WHAT YOU WILL DO
Exact copies of all the lines below are needed, without the pictures.

GIVEN INFORMATION
>>>>

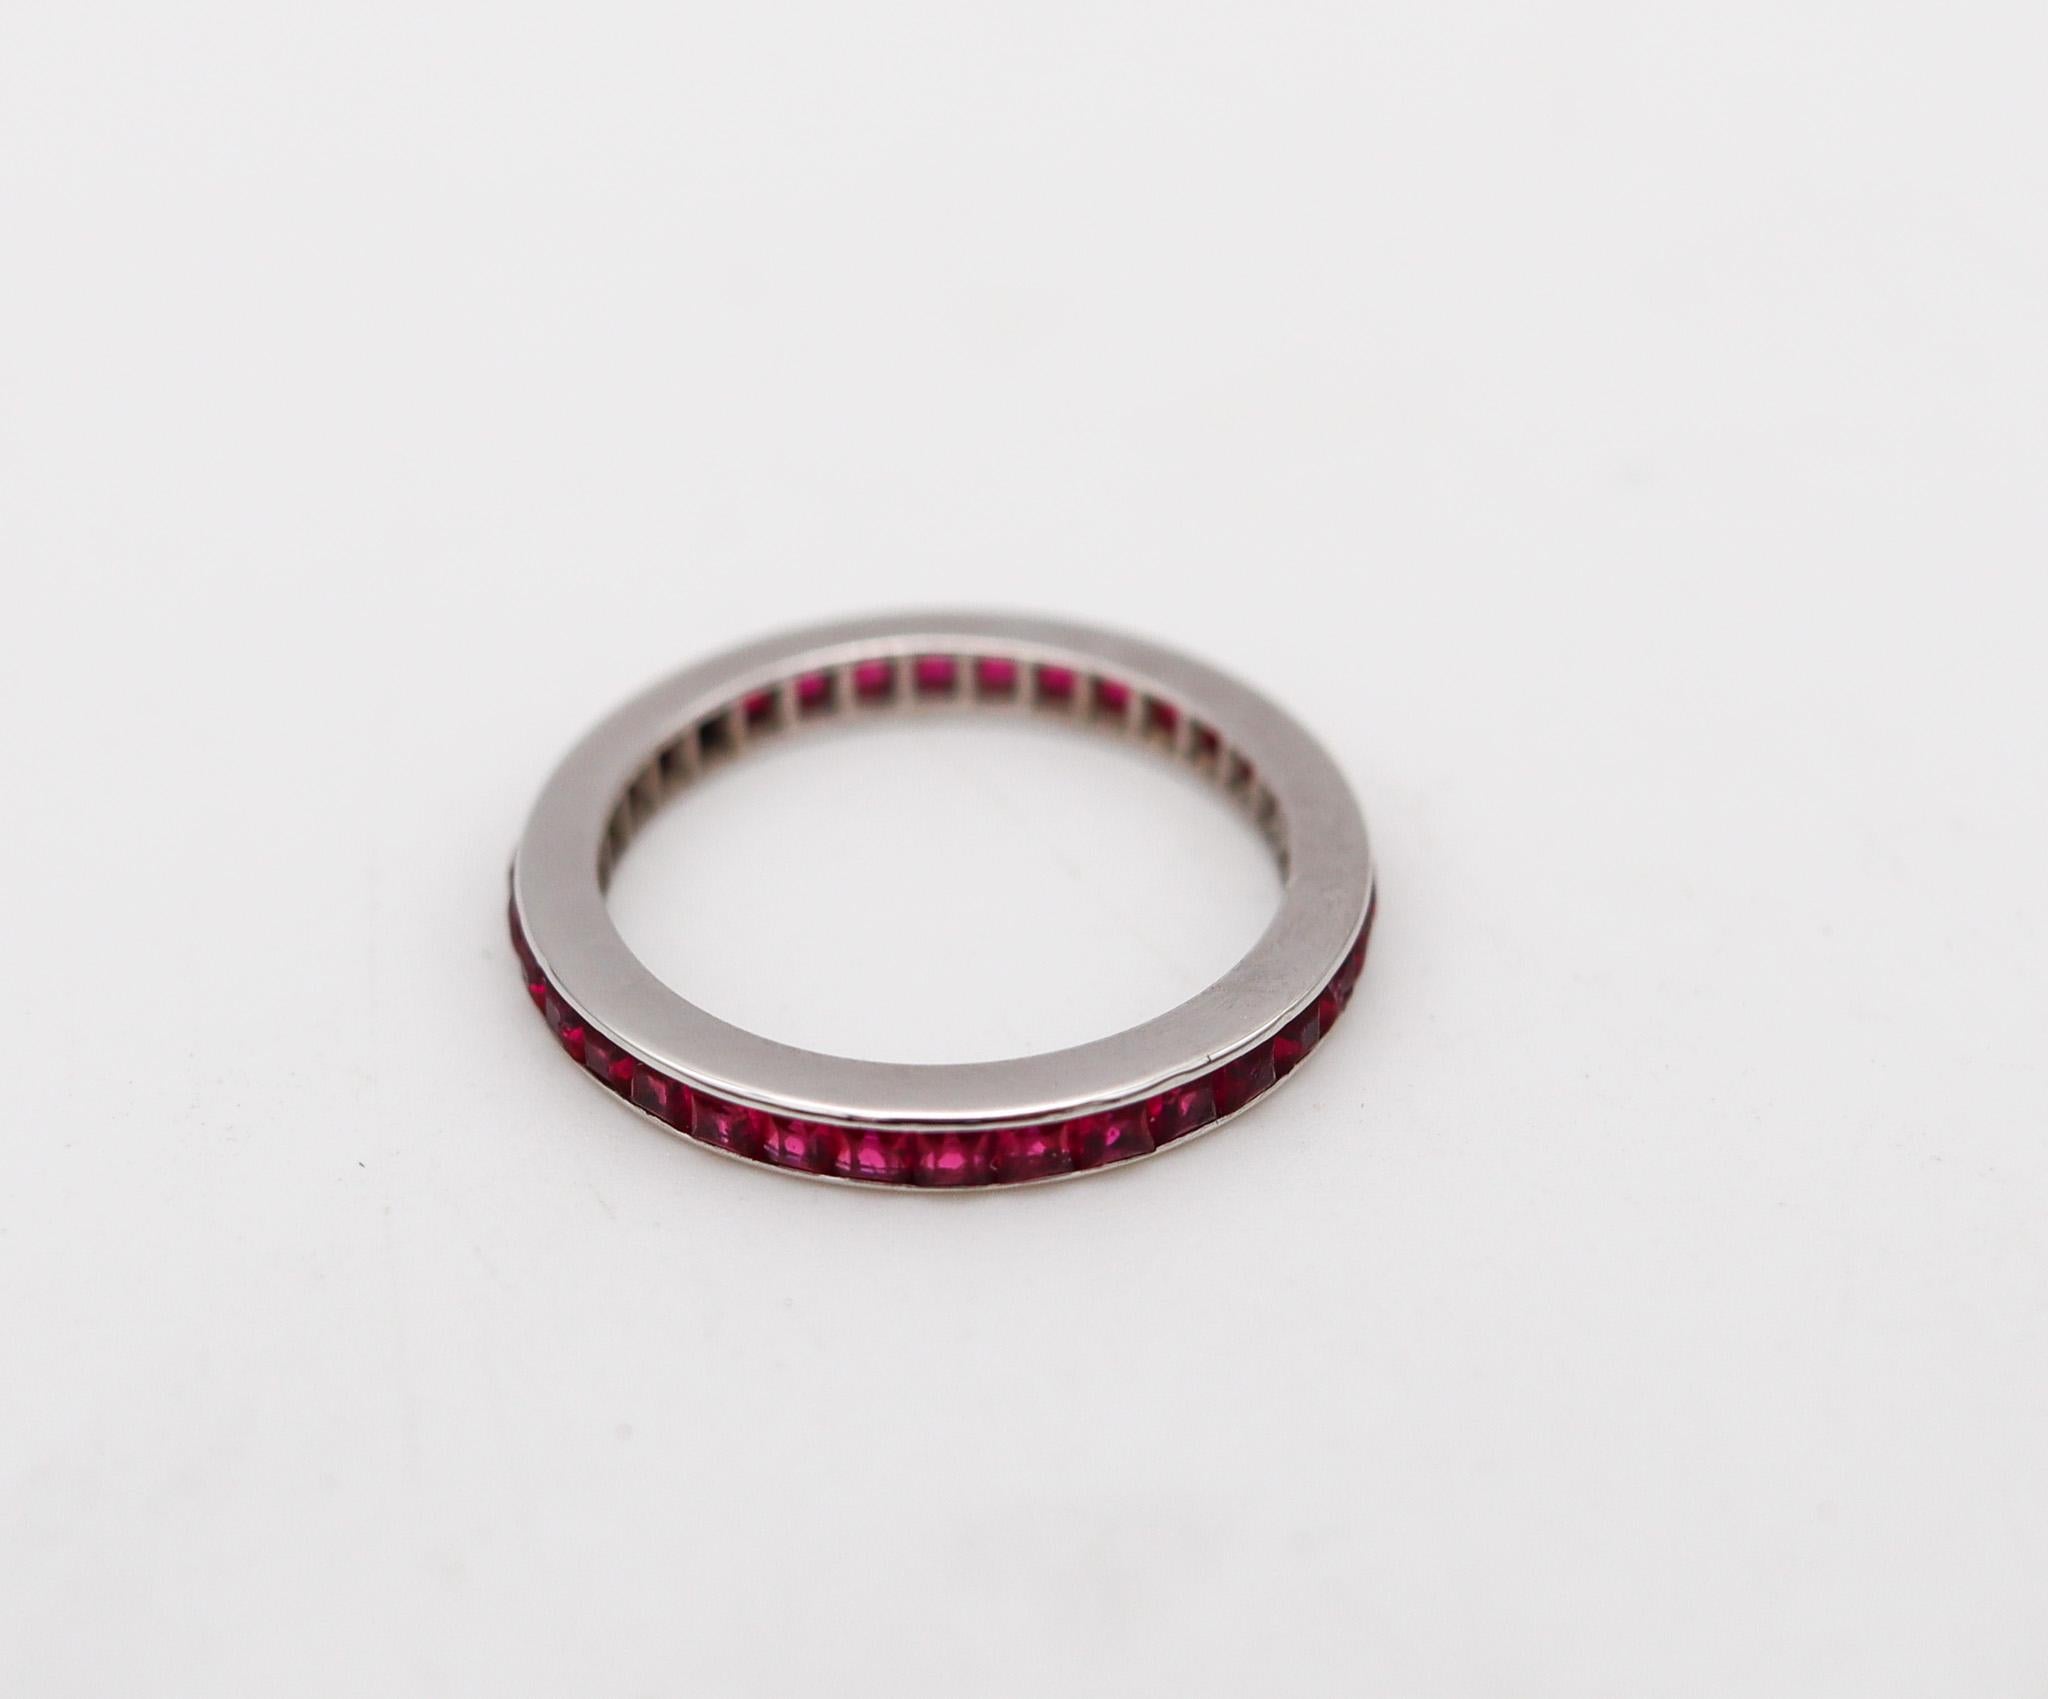 A suite of two eternity bands with rubies.

Beautiful matching pair (2) of eternity bands rings crafted in solid white gold of 18 karats, with high polished finish. Recently polished and finished with rhodium plating.

Rubies: Mount in a channel

<<<<

RESPONSE TO THIS TASK
 A suite of two eternity bands with rubies.

Beautiful matching pair (2) of eternity bands rings crafted in solid white gold of 18 karats, with high polished finish. Recently polished and finished with rhodium plating.

Rubies: Mount in a channel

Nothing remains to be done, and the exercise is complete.